Benefits Of Using Natural Language API
Now that we’ve covered the basics of NLP, it’s time for you to learn how your business could benefit from utilizing this tool. Here is a list of benefits you can expect from utilizing natural language processing in AI.
Better data analysis
Unstructured data, such as documents and research studies, can be difficult for computers to process. However, NLP technology can easily analyze large amounts of text-based information with accuracy.
For example, NLP can be used to help HR teams review hundreds of resumes and immediately screen them for desired characteristics.
Better customer experience
Many businesses, especially those in the hospitality sector, depend on surveys and reviews to better understand their customer’s behavior. NLP can be utilized to recognize sentiment in customer messages and identify elements that may suggest an underlying emotion in the structure of a sentence.
For other businesses, NLP technology can be used to shorten response times to questions through chatbots.
More engaged employees
Using NLP can help you remove repetitive functions from your employees’ day-to-day tasks. This not only frees them to work on other higher-level projects, but also helps your company create a more productive workforce.
With NLP, your employees can process big data from multiple sources in real-time and expect a more comprehensive data set. Employees can then use the information to respond to customer requests or complete tasks.
Reduce costs
By empowering your employees and streamlining your process, you can create a more efficient operation that is better for your bottom line. For example, instead of needing ten people to respond to your customer’s queries, an NLP solution can reduce the number to two. This allows your eight other employees to focus on other tasks.
In Closing
If you’ve been following the latest trends in AI, you’d know that NLP is used in an ever-growing list of applications. Our blog post discussed various NLP techniques and tasks that you can utilize for your company.
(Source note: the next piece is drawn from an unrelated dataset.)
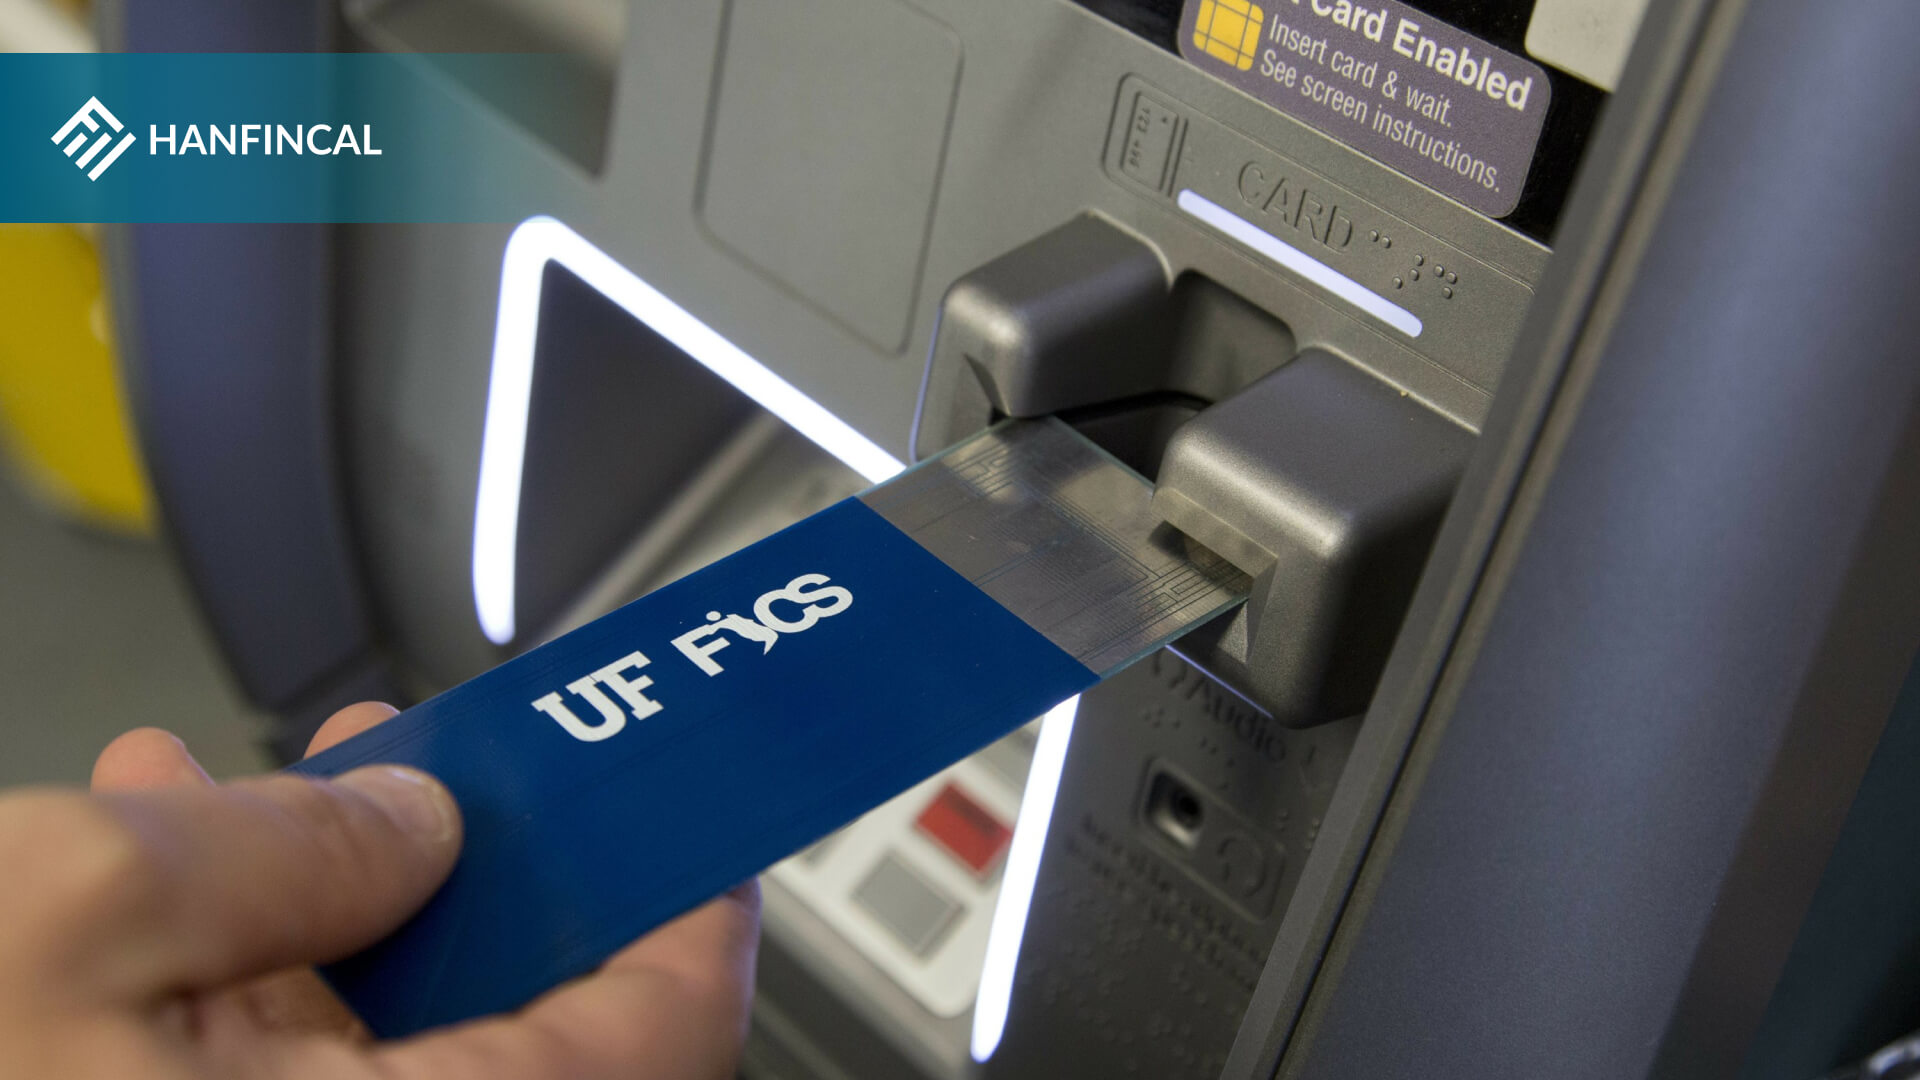 What are credit card skimmers?

If you want to find out more about how your company could benefit from NLP, or if you’re looking for a team of SEO experts who have experience in developing NLP solutions for your business, connect with us today.
Frequently Asked Questions
Which search engines use natural language processing?
Both Google and Bing use NLP to make their search function more relevant to conversational language and make it easier for users to find answers to their queries.
What is the salience score?
The salience score of a certain entity provides information about the importance of that entity to the entire document. Salience scores closer to 1.0 are highly salient, while scores closer to 0 are less salient.
Can NLP be used for semantic analysis?
Semantic analysis is actually a subfield of Natural Language Processing and Machine Learning. Semantic analysis helps in understanding the context of a text and identifying the emotions that might be in a certain sentence.